Sequences were demultiplexed and then trimmed to 122 bp by SNPsaurus using the SNPsaurus pipeline with the bbduk package (BBMaptools, http://sourceforge.net/projects/bbmap/). Next, we assembled reference loci by collecting 10 million high quality reads, evenly from all of the samples (~70, 000 reads per individual were used), and excluding loci with fewer than seven or more than 700 reads. This range of seven to 700 represents a standardized number calculated by SNPsaurus to retain as many loci as possible without compromising the quality of the data with low quality reads. Overall mean depth of the reference genome was 65x. Loci that met the previously stated criteria were then aligned to the assembled reference genome using custom script from SNPsaurus (SNPsaurus, LLC). For the de novo alignment, we mapped 152,204,819 of the original 289,864,865 single-end reads to the de novo reference genome using an identity threshold of 0.95 using bbmap (BBMap tools). Genotype calling was done using the callvariants tool (BBMap tools), with the following settings (multisample=t rarity=0.05 minallelefraction=0.05 usebias=f ow=t nopassdot=f minedistmax=5 minedist=5 minavgmapq=15 minreadmapq=15 minstrandratio=0.0 strandedcov=t).
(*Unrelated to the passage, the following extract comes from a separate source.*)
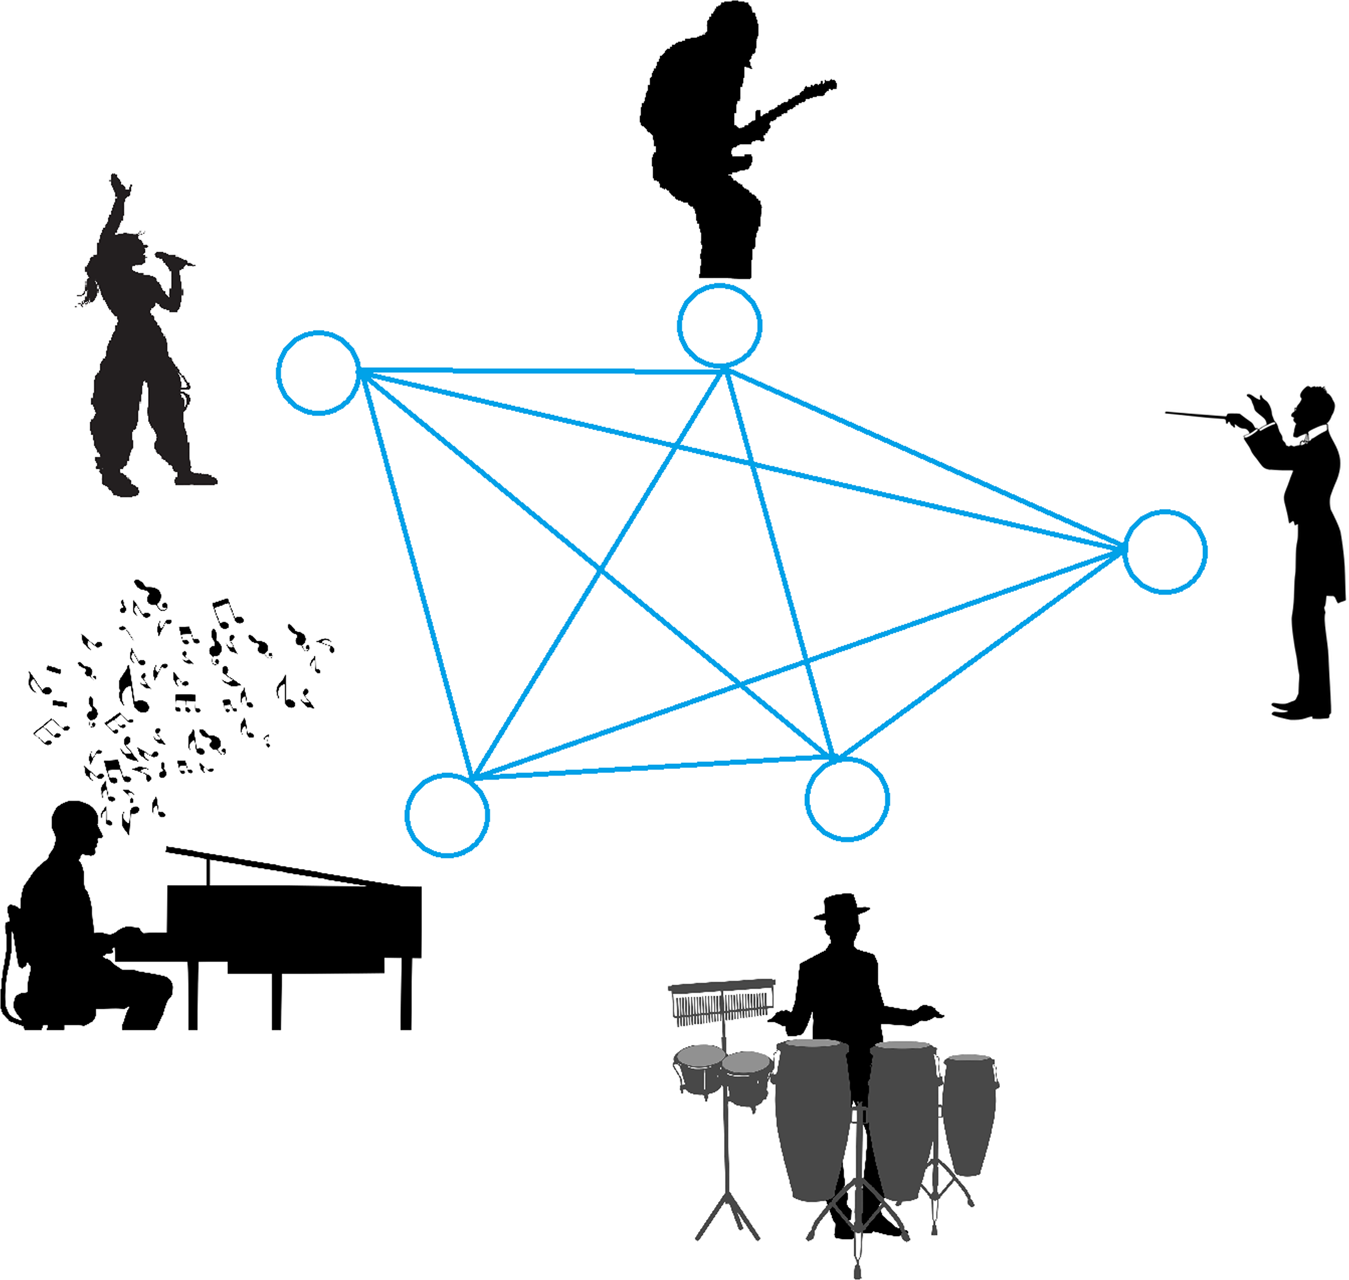 The Cyborg Philharmonic: Synchronizing interactive musical performances  between humans and machines

The genotype data were converted to a VCF file where we filtered the data to remove loci with a minimum frequency of less than 3%, a Q-score below 20, and removed all individuals with greater than 60% missing data (an additional 13 individuals did not meet this criterion and were omitted from all analyses). The average percentage of missing data was much lower than this original threshold (mean=5.8% missing data; median = 3.3% missing data), although we included three individuals with 40% missing data because they grouped with other individuals from the same population. To ensure that relatedness did not skew our results we calculated relatedness among individuals in Genodive 3.04 (Miermans, 2020). Relatedness among individuals from the same population was <0.08, with exception to one pair that had a relatedness of 0.26, suggesting that one set of full siblings from Teuri were present in our data. Given the low level of relatedness among our data, we retained all samples in our analyses. We retained all of the 19,213 SNPs following the filtering for our examination of genetic-environment associations.